Former NFL head coach Marty Schottenheimer was moved to a hospice facility near his home in Charlotte, North Carolina, on Saturday because of complications from Alzheimer’s disease, his family said Wednesday in a statement given to ESPN’s Chris Mortensen.
He is listed in stable condition.
“As a family we are surrounding him with love,” his wife, Pat, said in a statement, also speaking on behalf of the couple’s children, Kristin and Brian, “and are soaking up the prayers and support from all those he impacted through his incredible life. In the way he taught us all, we are putting one foot in front of the other … one play at a time.”
Schottenheimer, 77, was diagnosed with Alzheimer’s in 2014.

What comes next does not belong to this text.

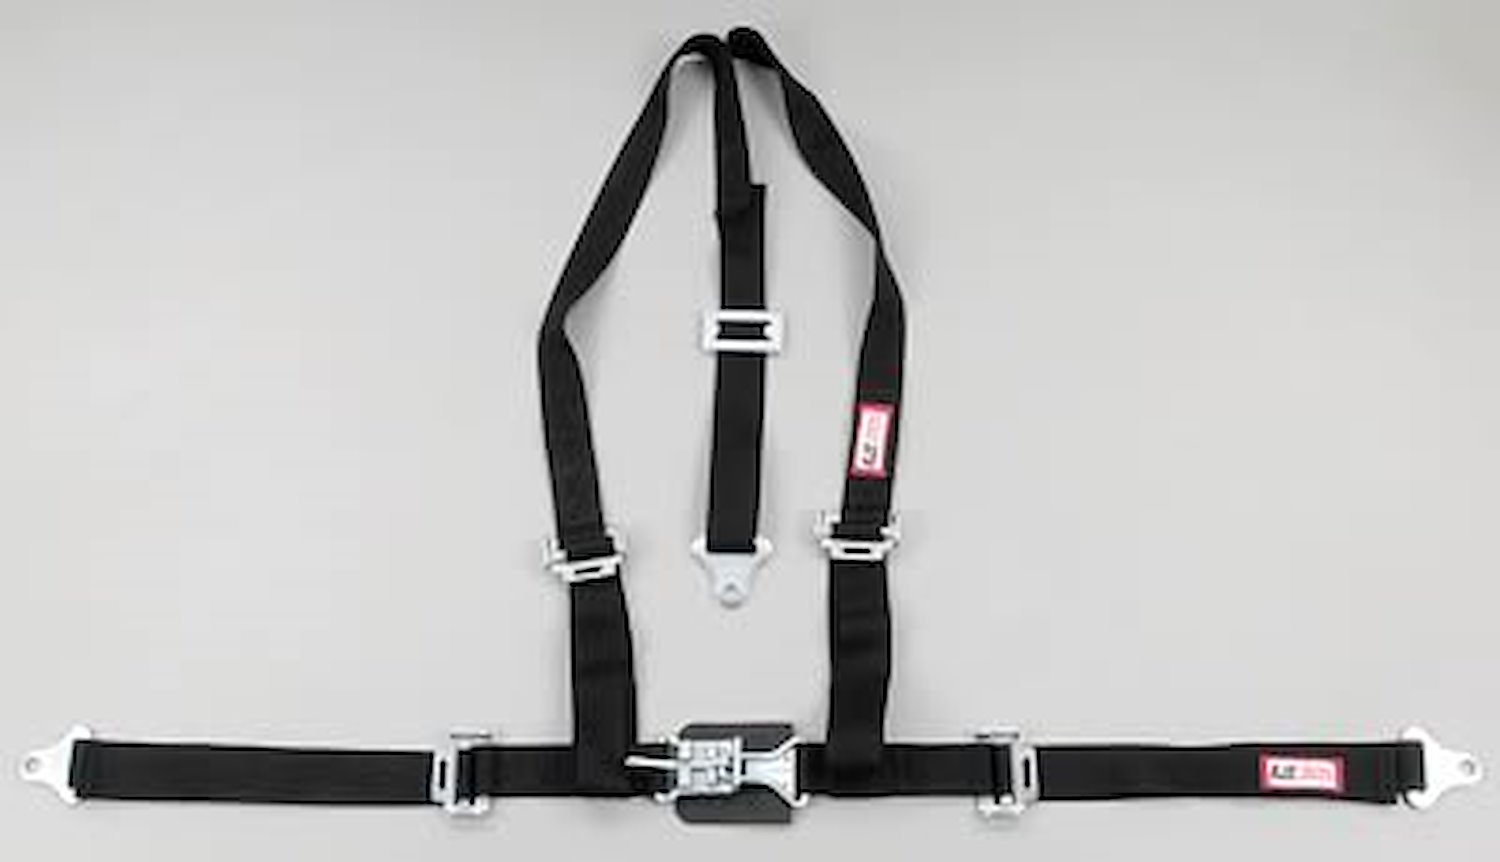 NON-SFI L&L HARNESS 3 PULL UP Lap BELT SNAP SEWN IN 2 S.H. Y FLOOR Mount WRAP/SNAP HOT PINK

Schottenheimer, who coached the Browns, Chiefs, Washington and Chargers, posted a 205-139-1 career record, including the playoffs. He was named the NFL’s Coach of the Year in 2004 with the Chargers. His NFL career ended in 2006 following a 14-2 season with the Chargers and a divisional-round exit from the playoffs.
Schottenheimer also played six seasons as a linebacker for the Bills (1965 to 1968) and Patriots (1969 to 1970).
His son, Brian, recently reached agreement to become the Jaguars’ passing game coordinator, a source told ESPN’s Adam Schefter.